Monday, May 14, 2012

Warning from The Crazy Dog Lady

I was always warned about the “crazy cat ladies”.  These women were old, single, pathetic and always owned a minimum of 20 cats.  In the past they were called old maids, and exiled to a decrepit home in the East Hamptons where they donned weird hats and sang to themselves.  Now they are put on TV on what should be a TLC show, but is actually on Animal Planet, Confessions: Animal Hoarders.  (Why not just call it Animal Hoarders? Is there a series of Confessions shows on Animal Planet?  What other confessions related to animals could there be?  Confessions:  I’m into besitality.  Confessions: I think I’m a dog.  Okay, so I guess there could be other animal related confession shows.  But I digress.)  

What no one warned me about was the possibility of being a crazy dog lady.  So of course, that’s what I am.  I have three dogs in an 1100 sq ft, 1 bedroom apartment.  Granted, unlike most cat ladies, I do have a boyfriend, but at times I consider him to be more like a fourth dog.  He scarfs down a bowl of food and then curls up on the couch to take a nap.

When someone I’m talking to mentions their dog (their 1 dog, mind you) I invariably mention one of my dogs (as I am want to bring the conversation around to being about me no matter what the topic).  They then say “oh, you have a dog?  what kind?”  When I respond that I have not 1 dog, but 3, a look of concern, disgust and sometimes even panic appears on their face.  I am something not many people come in contact with.  The crazy dog lady.  

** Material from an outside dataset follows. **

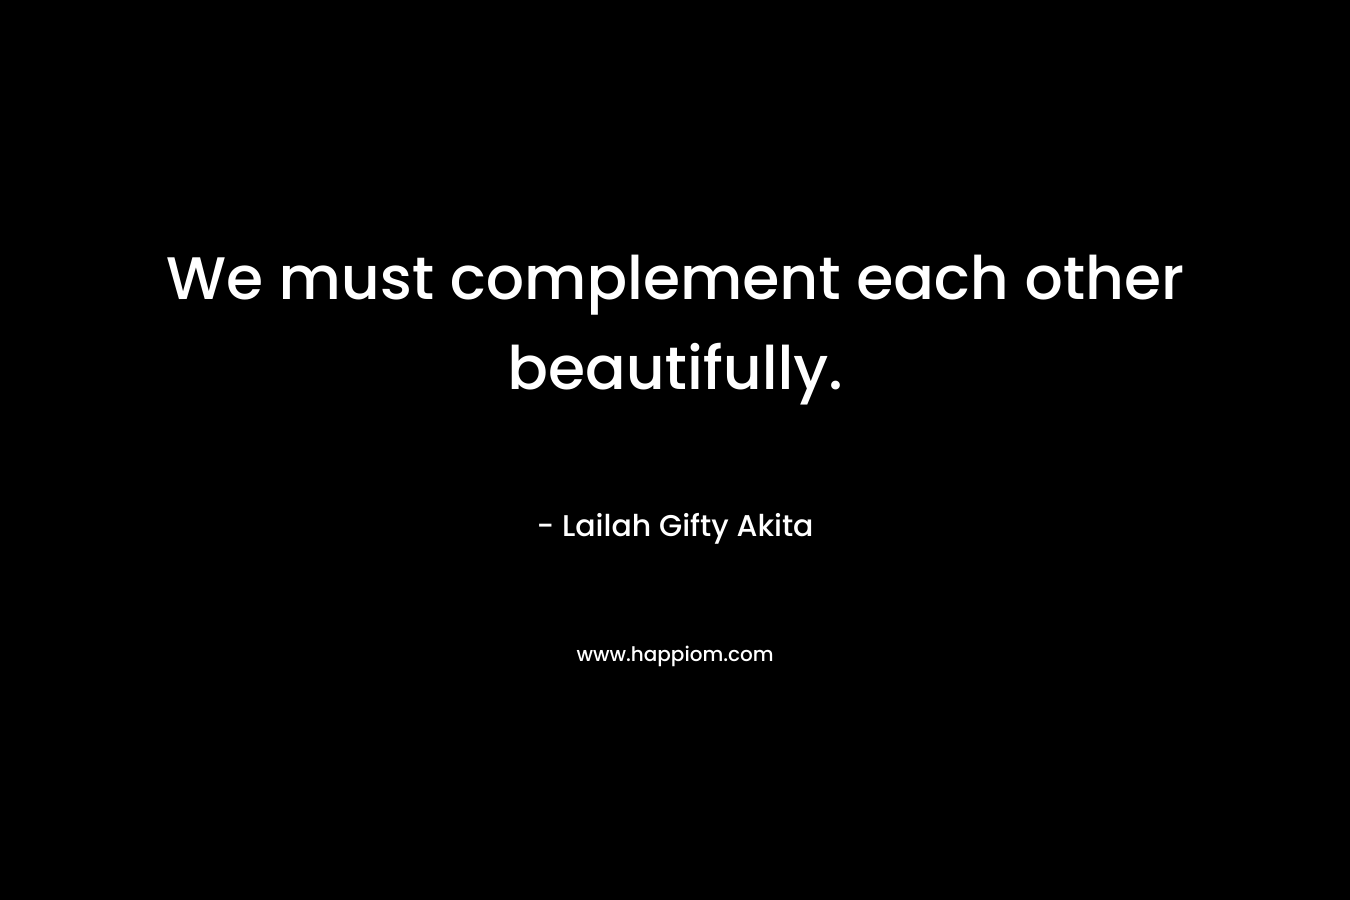 We must complement each other beautifully. – Lailah Gifty Akita

Once they have learned this fact about me it becomes the only fact worth knowing.  From that moment on all we will ever talk about is cute things dogs do.  And for the most part I’m fine with that, as I hate most everyone I meet and want nothing more than to never speak to them again.  But then I feel pressure to out-cute them and let’s be honest, there are really only ten cute things a dog can do.  They can’t talk, which means they can’t say something funny, so every discussion is just a variation on one of those ten cute dog things.  

And that’s people with dogs.  People without dogs find my stories unbearably annoying.  I can tell.  You’re getting annoyed right now, just imagining me telling these stories about my dogs.  You’re thinking “shut the fuck up about your fucking dogs” and you’re right.  Because while no one has ever said that to me, I can tell they’ve been thinking it.  I can see it in their eyes.  THEIR EYES.  

But things just get worse.  The other day I made up a rap about being a dog that I then pretended my dog was singing and dancing to.  It went a little something like this “I’m a dog, I’ve got paws and I do the humpty dumpty.  Get up off of my rug.  Get up off of my rug.  Get up off of my rug or I’ll show you what I’m made of.”  I later cut it down to just one “Get up off of my rug” for the radio version.  The saddest part is, I don’t even know what the humpty dumpty is.

I’m basically unable to travel since I can’t afford to board all three dogs.  I can’t be spontaneous and go out at night and think so what if I end up passed out drunk on a friend’s couch.  I can’t even go out to brunch without feeling guilty that the dogs can’t go out to brunch to.  (Little known fact: Dogs love eggs benedict.  Also their own vomit and shoes.)  It is pretty much inevitable that I will become that woman on Confessions: Animal Hoarders that lives in a trailer with 20 pets while her husband lives in a separate trailer because he can’t stand the smell of shit anymore.  It’s too late to change things now, but let this serve as a warning for all young women out there.  There is such a thing as a crazy dog lady.  I am her.